I used to do a lot of samples too, but I never found that they brought me any sales at all. I think people appreciate them becaue they were free. Now, when someone buys a single bar of soap to try, they will often come back buy many, many more...for themselves, friends, etc.


----------



## a4patch (Oct 7, 2009)

At the market, samples sell a lot of soap for us. I have people come back every week to buy soap from samples. I hand out about 150 (more or less) each week and our market gets about 1000 people. (most are regulars and I do not give them samples) Our samples are 0.1 of an oz and sometimes I give them two pieces! They walk around with it in their hand. I watch them smell it. I do not hand out any dark soap samples because they look like fudge.

I think it makes them feel compelled to listen to my speech.
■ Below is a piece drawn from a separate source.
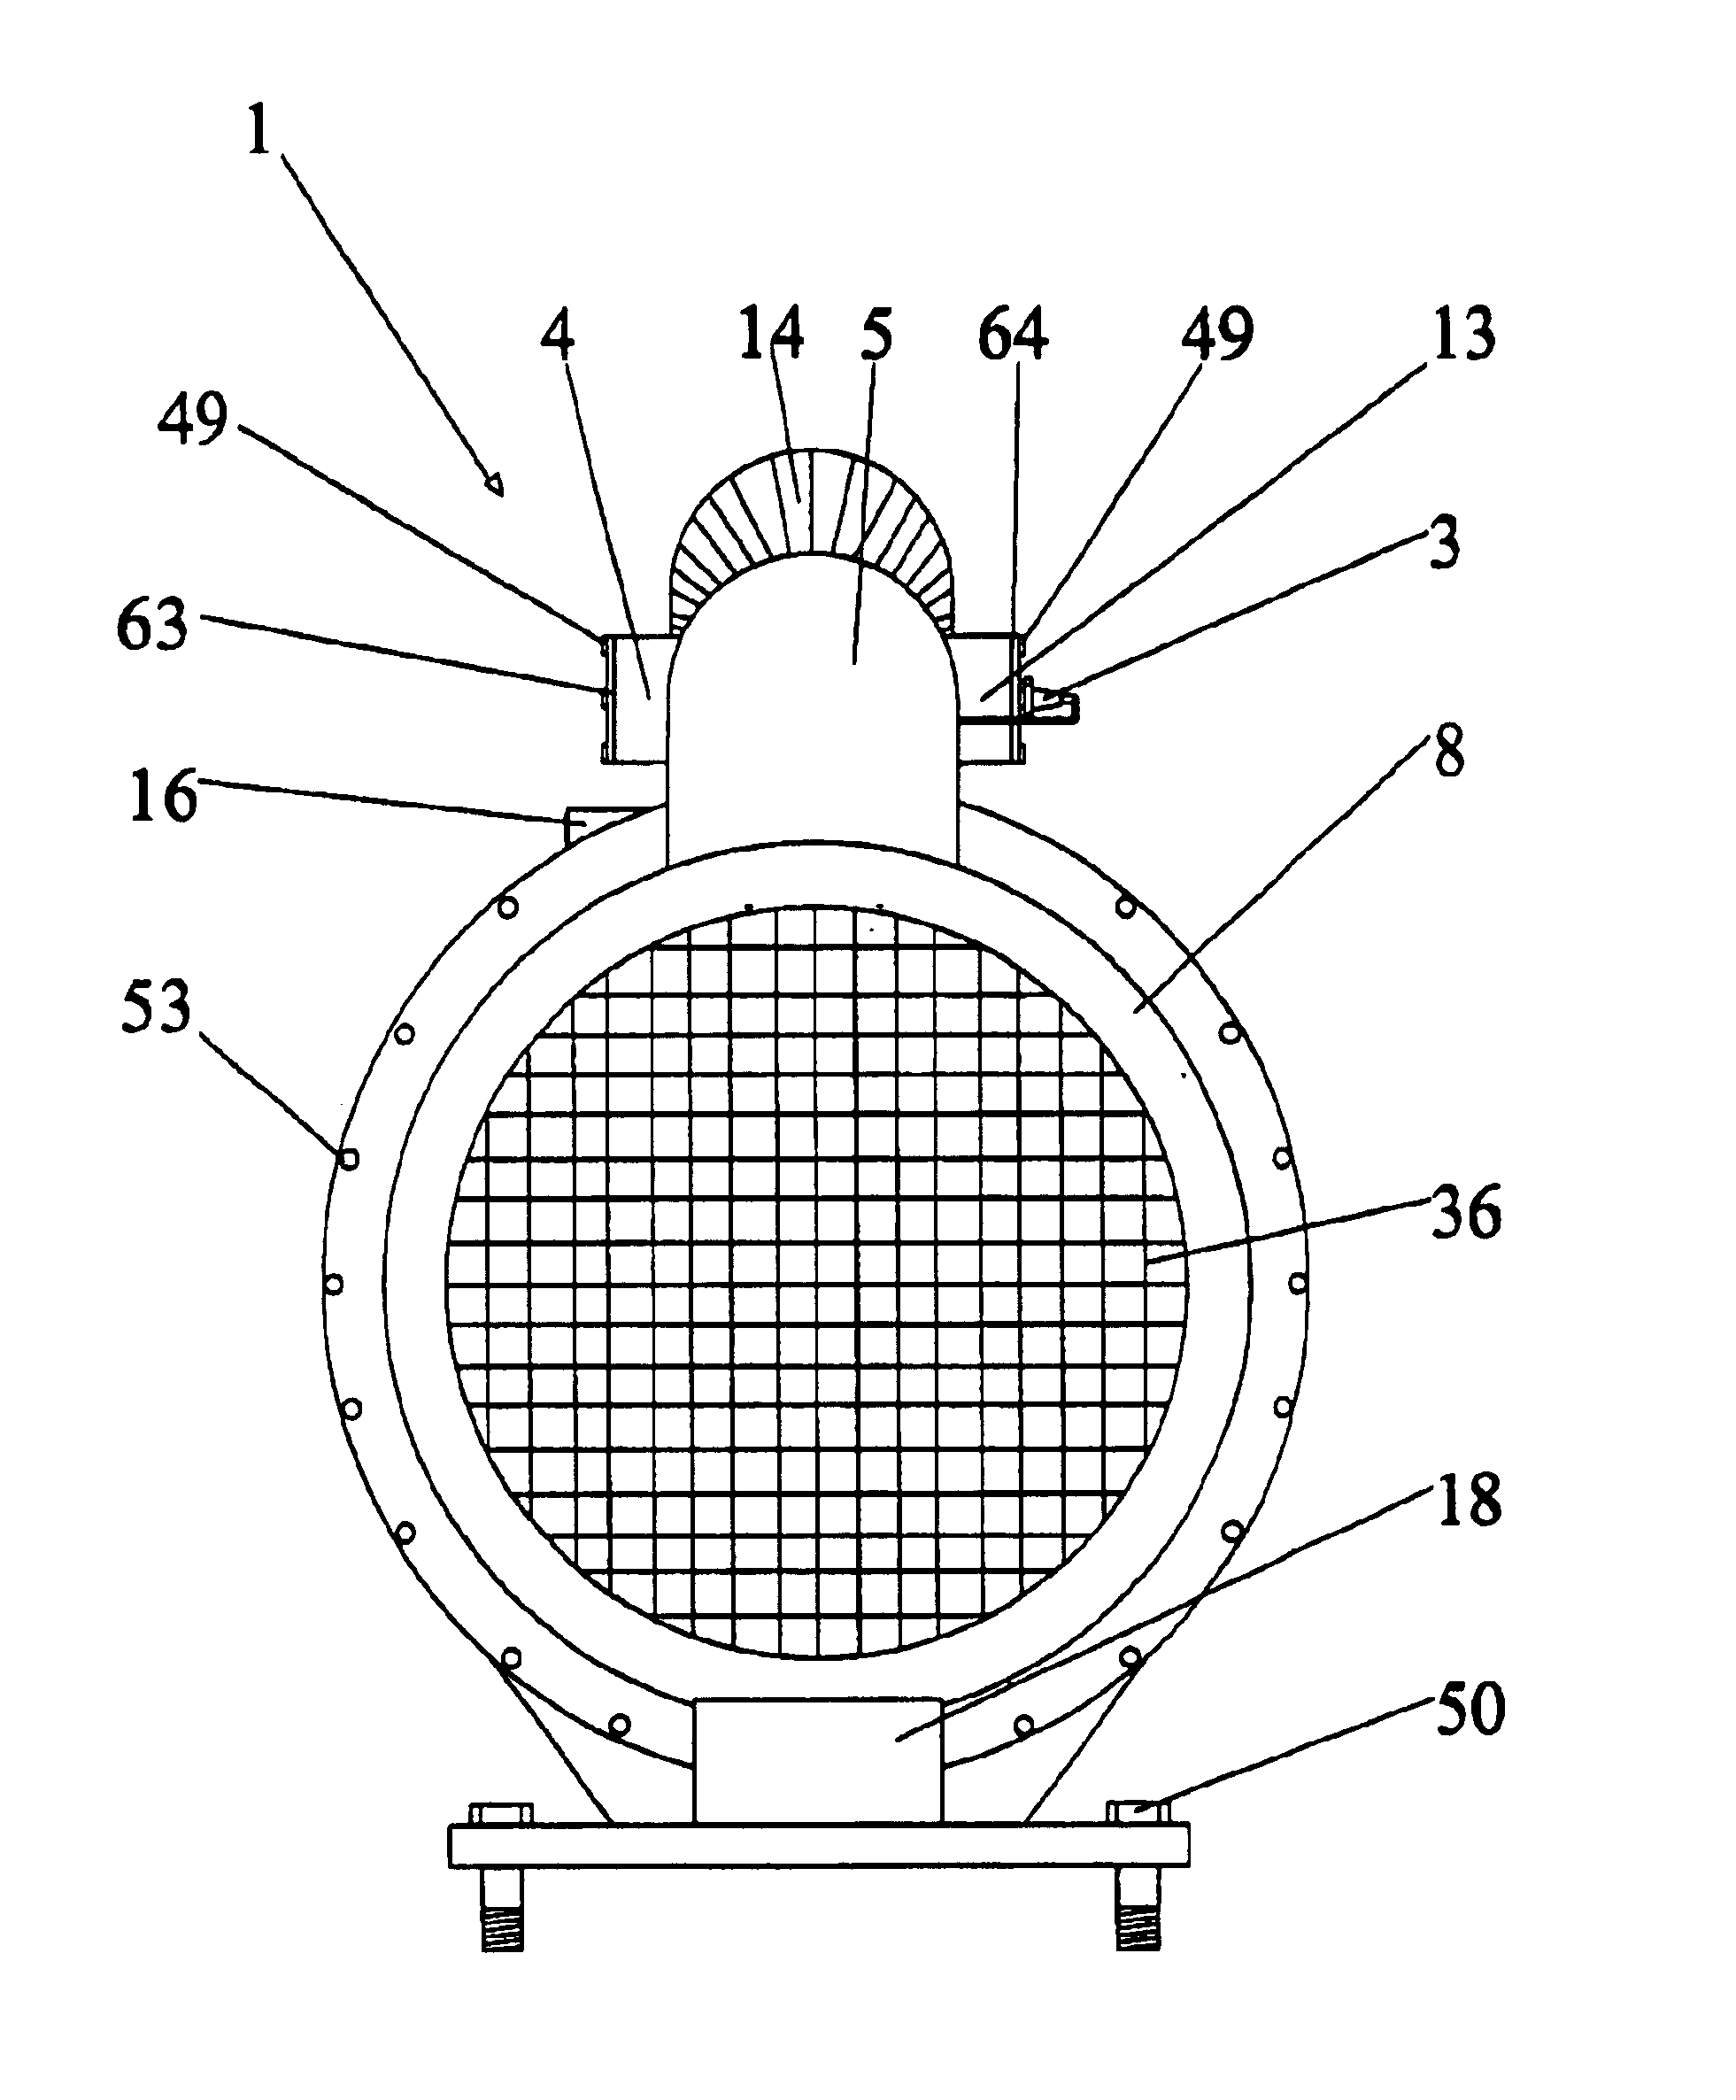 Rotary piston engine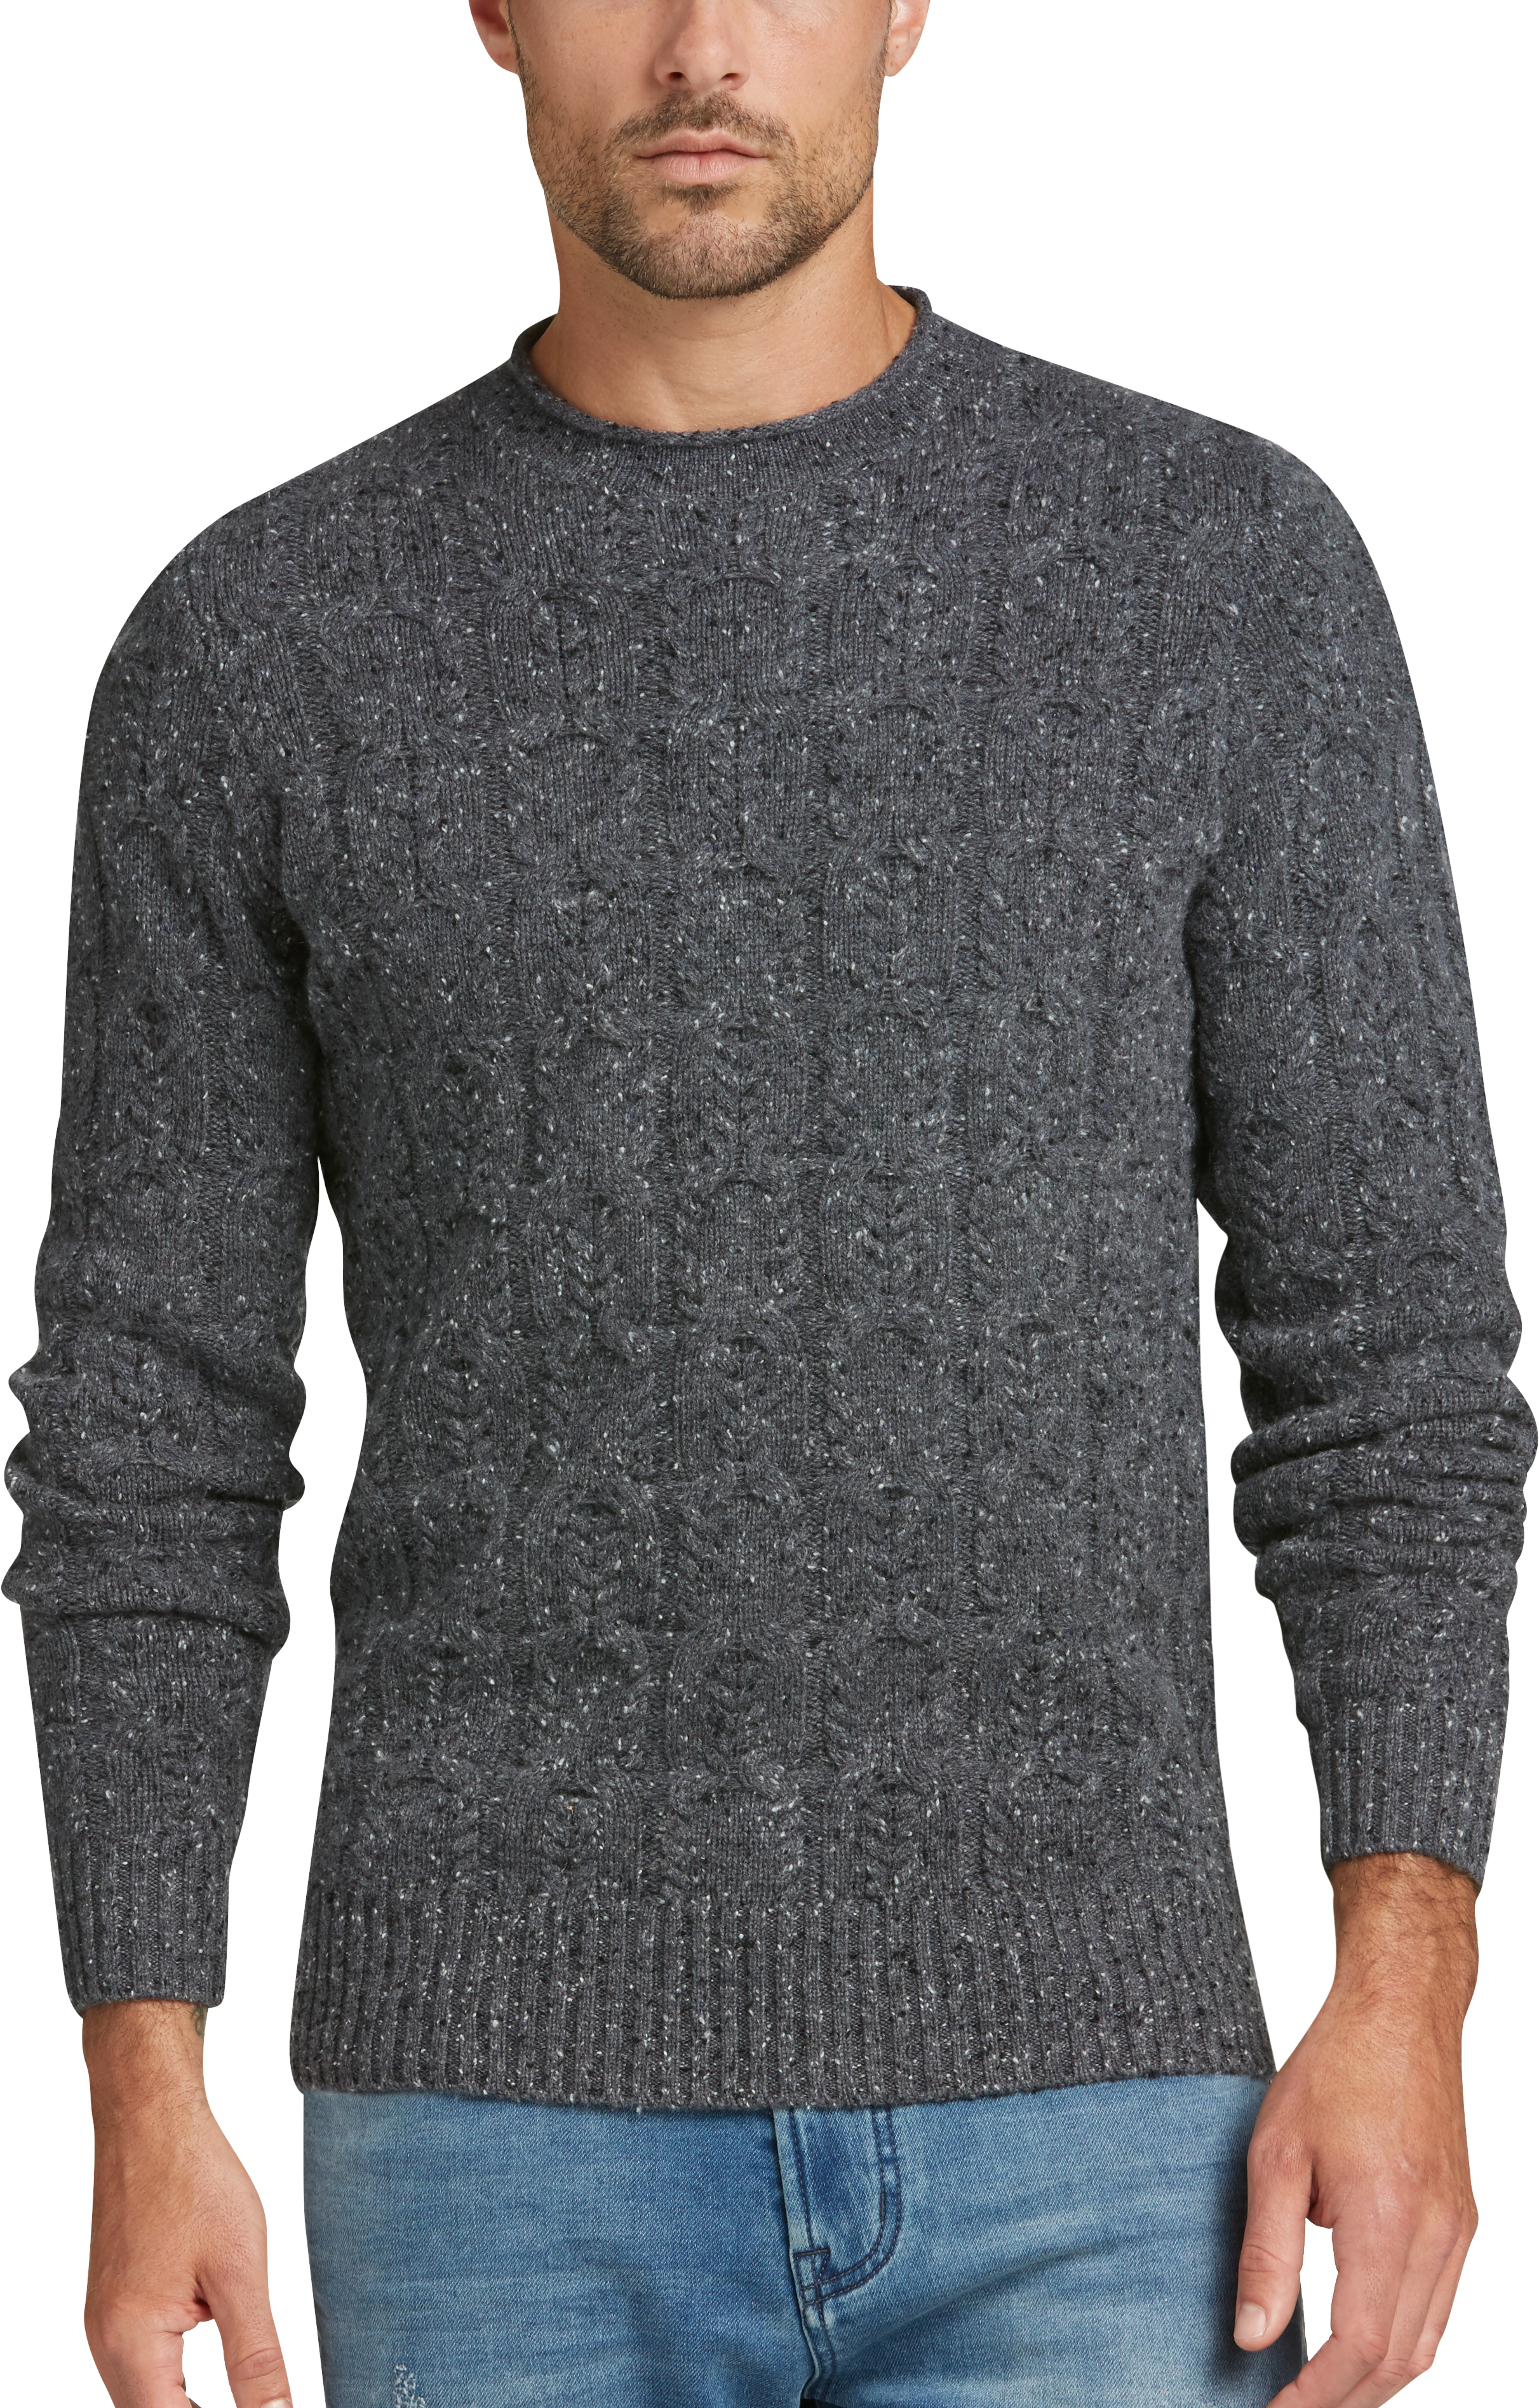 Joseph Abboud Charcoal Cashmere-Blend Cableknit Sweater - Men's Modern ...

Sometimes folks will say No Thanks, but not very often.

Are sales are MUCH less when we do not hand out samples.


----------



## a4patch (Oct 7, 2009)

oh, our samples are from the ends of our logs. (I line our molds with plastic, so the ends have ugly wrinkles)

We cut down underweight bars to a pretty square to sell as a "gift soap" and the end piece (from turning it from a rectangle into a square) from that gift soap are cut into small pieces for samples. So, our samples are not soaps that had potential to make me money (unless i shredded them and rebatched some how.


----------



## [email protected] (Sep 18, 2008)

I've been doing TONS of samples. :/
I do round soaps (3") and when I do a batch, the bottom of the bucket gets poured into a 1" pvc and cut into 1/2 inch, .5oz mini bars (I usually get 15-20 out of a double WM batch). These are put into small poly bags with the appropriate soap label stapled to it. They get handed out when I go out looking for wholesale accounts.
At FM and shows, I just chunk up some of my 'ugly' soap and put in the poly bags with a business card stapled to it. I figure my whole line of soaps is on the table for them to see what the 'actual' product looks like. I also keep them 'behind' the table and only hand them out to 'hesitant' buyers or add them to a purchase.
Today I am mailing out brochures along with a small round sample to area B&Bs.


----------